*DATA SHOWN*:
----------
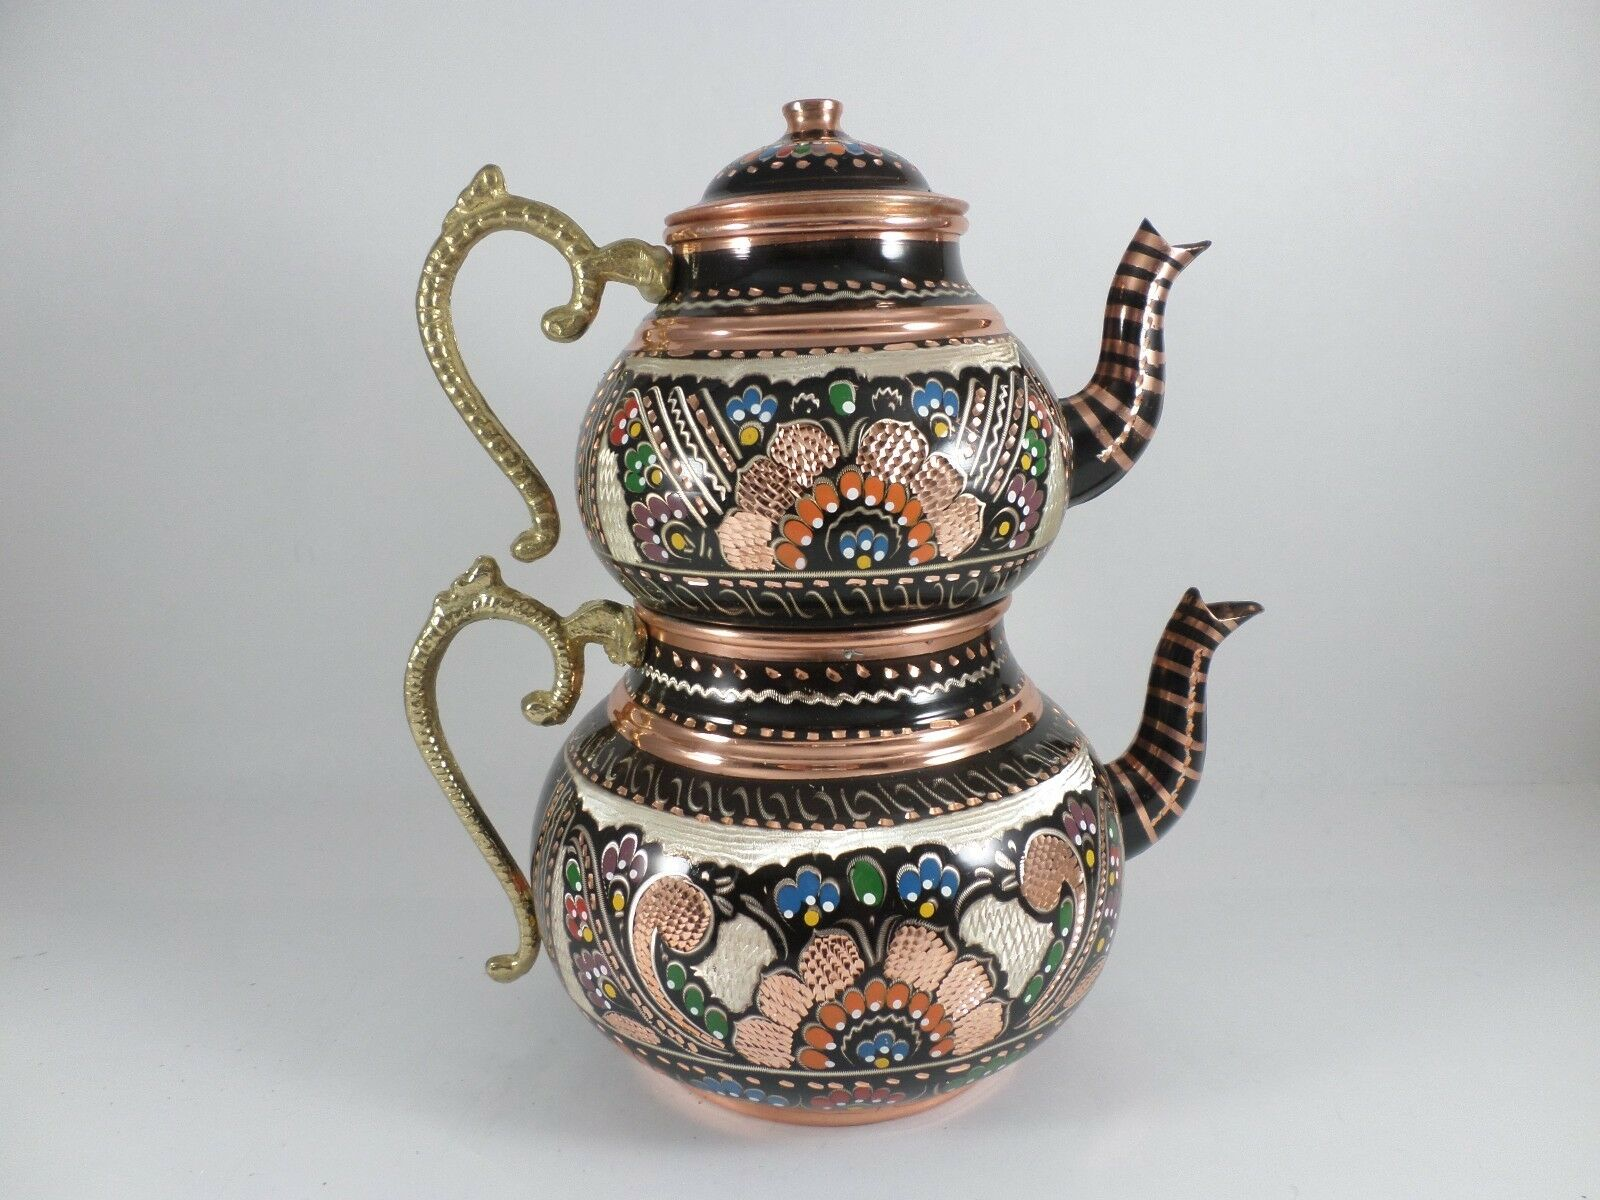 TURC traditionnel fait main en cuivre étamé Théière Set semaver-Large 26 cm
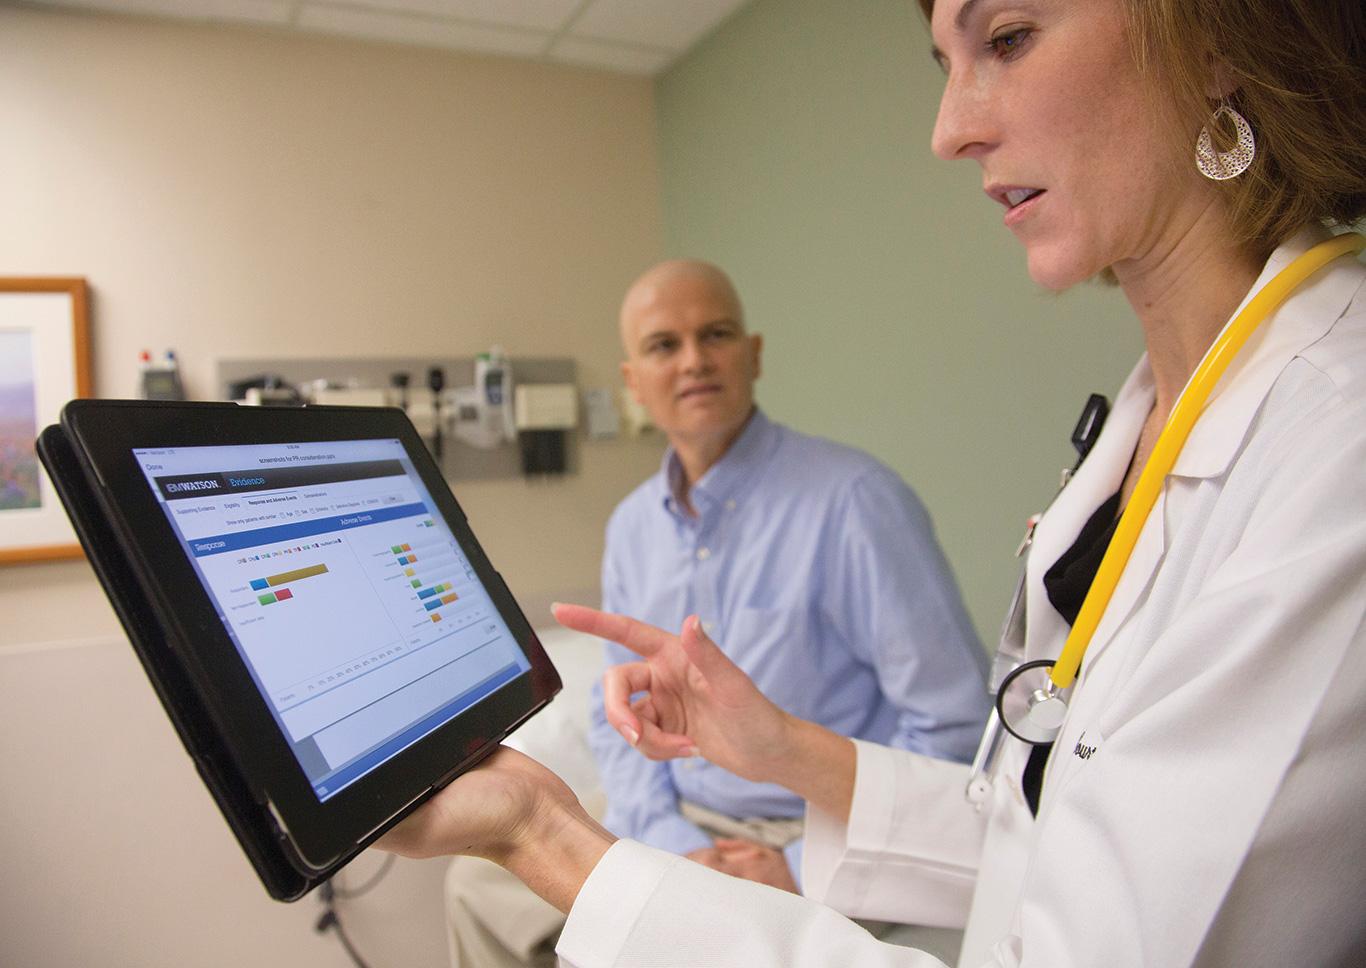 Un doctor de la leucemia en M.D. Anderson, Courtney DiNardo, utilizó el sistema de Watson de IBM mientras que consultaba con un paciente en 2013.
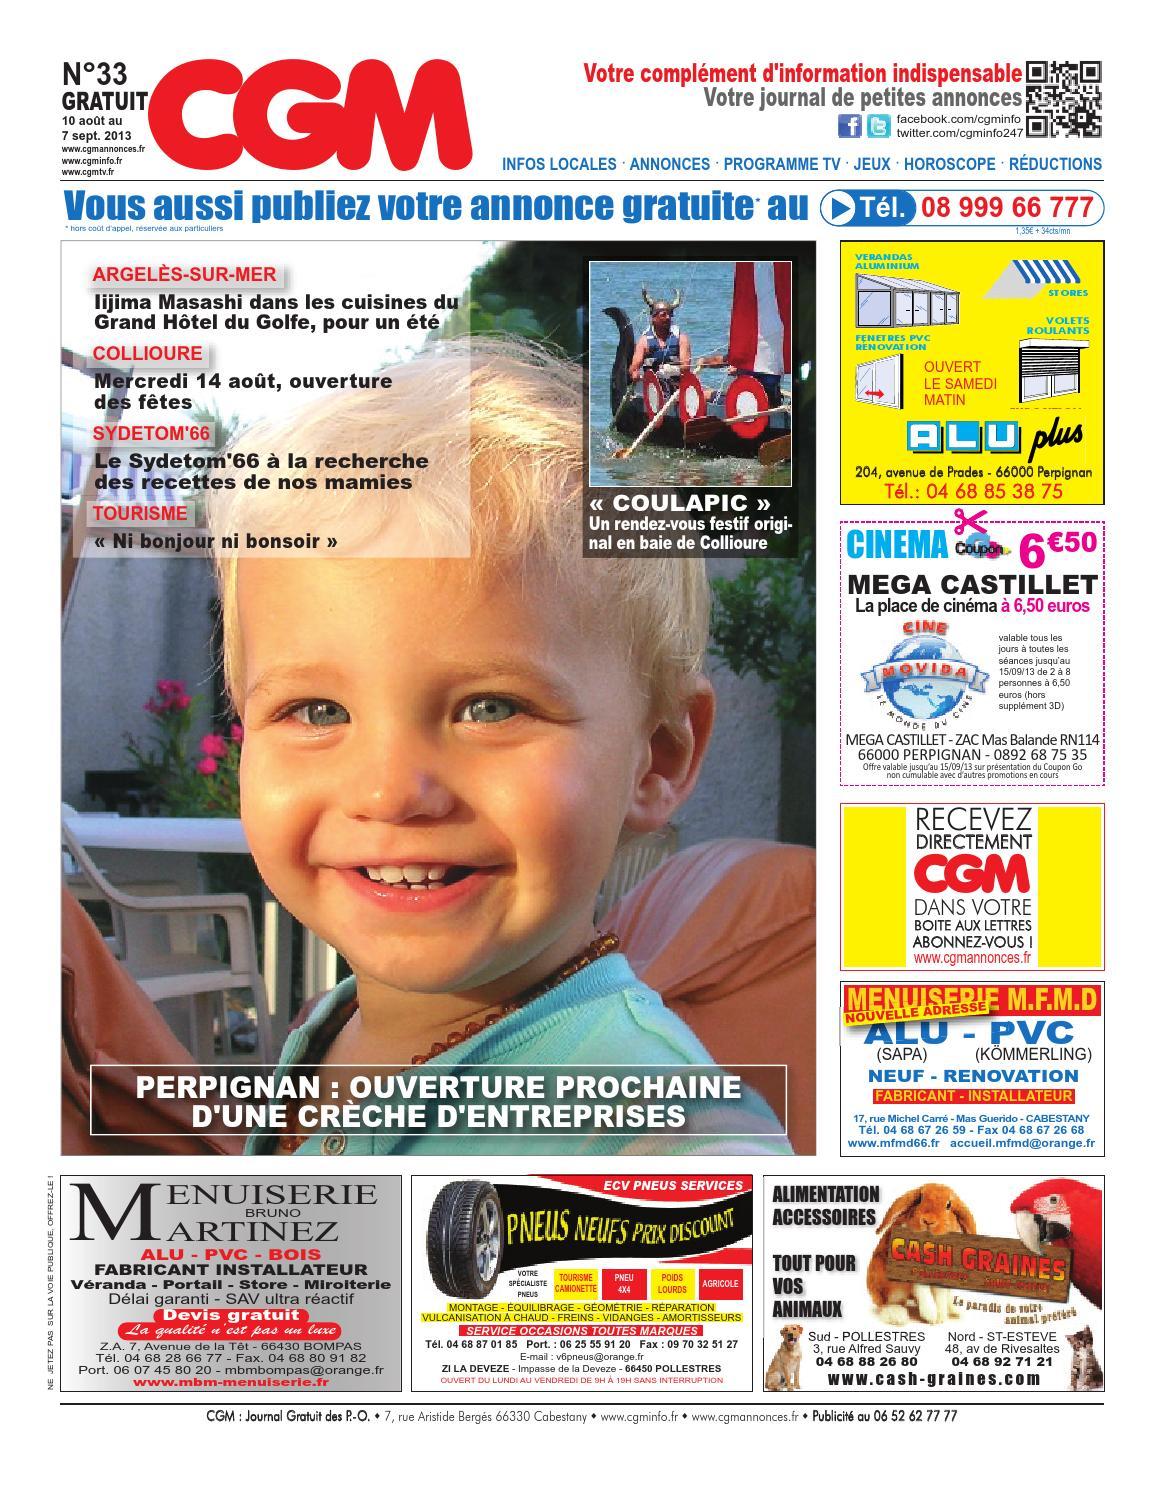 cgm 33 journal gratuit d 39 information et de petites annonces gratuites perpignan et sa r gion. Black Bedroom Furniture Sets. Home Design Ideas
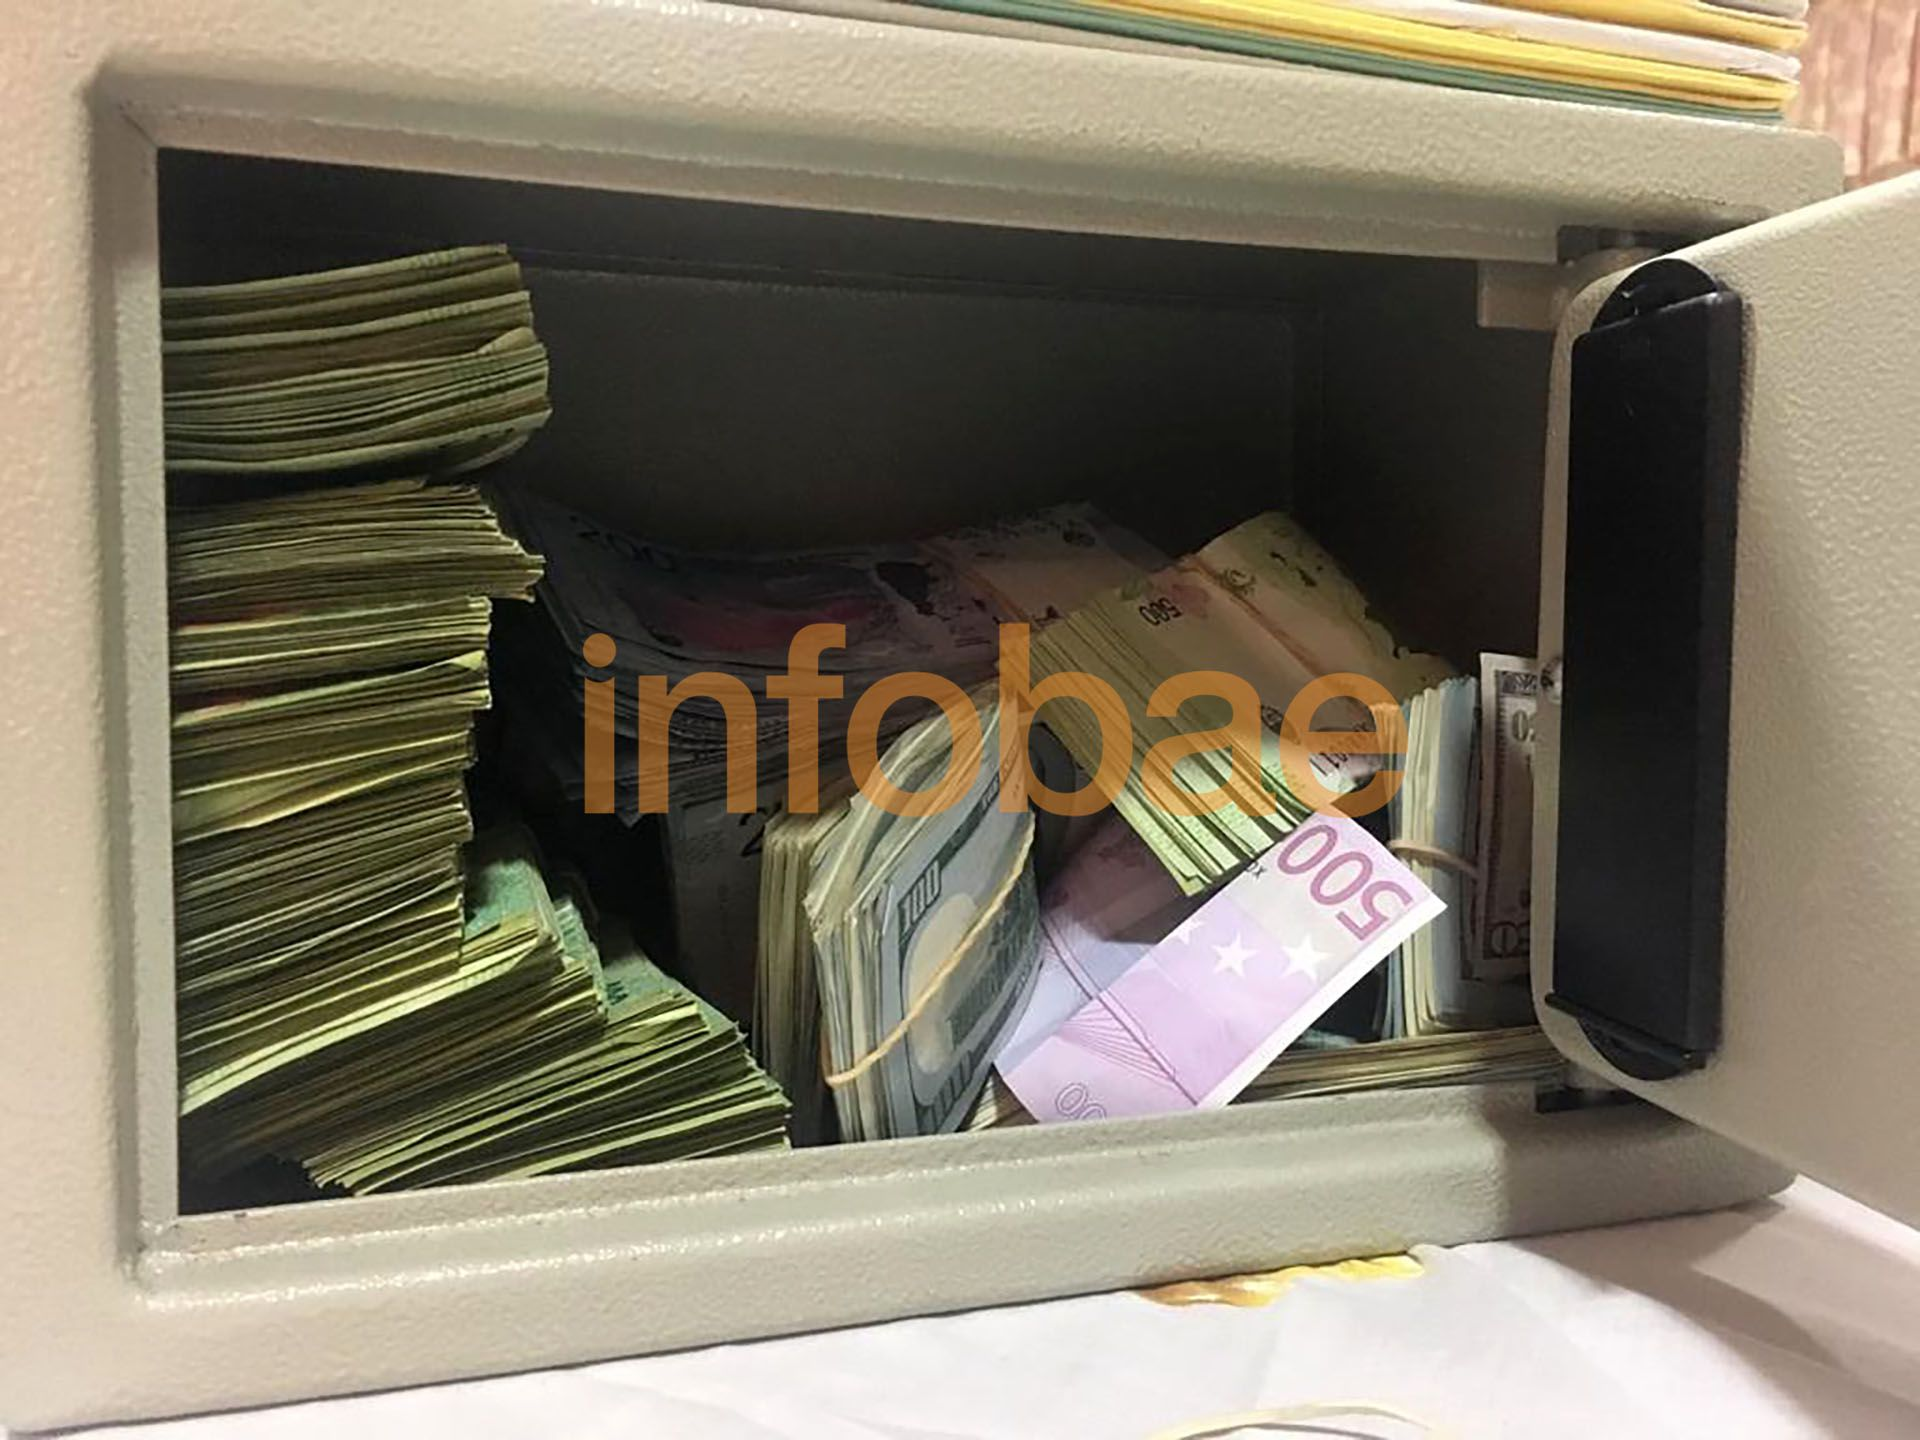 En los procedimientos la policía secuestró billetes de distintos orígenes, joyas y hasta fichas de casino
----------
*TASK REQUIREMENTS*:
Take the lines from the start of the material to the line with "Un doctor de", both included, and transcribe them exactly without the pictures.

*RESULT*:
 TURC traditionnel fait main en cuivre étamé Théière Set semaver-Large 26 cm
 Un doctor de la leucemia en M.D. Anderson, Courtney DiNardo, utilizó el sistema de Watson de IBM mientras que consultaba con un paciente en 2013.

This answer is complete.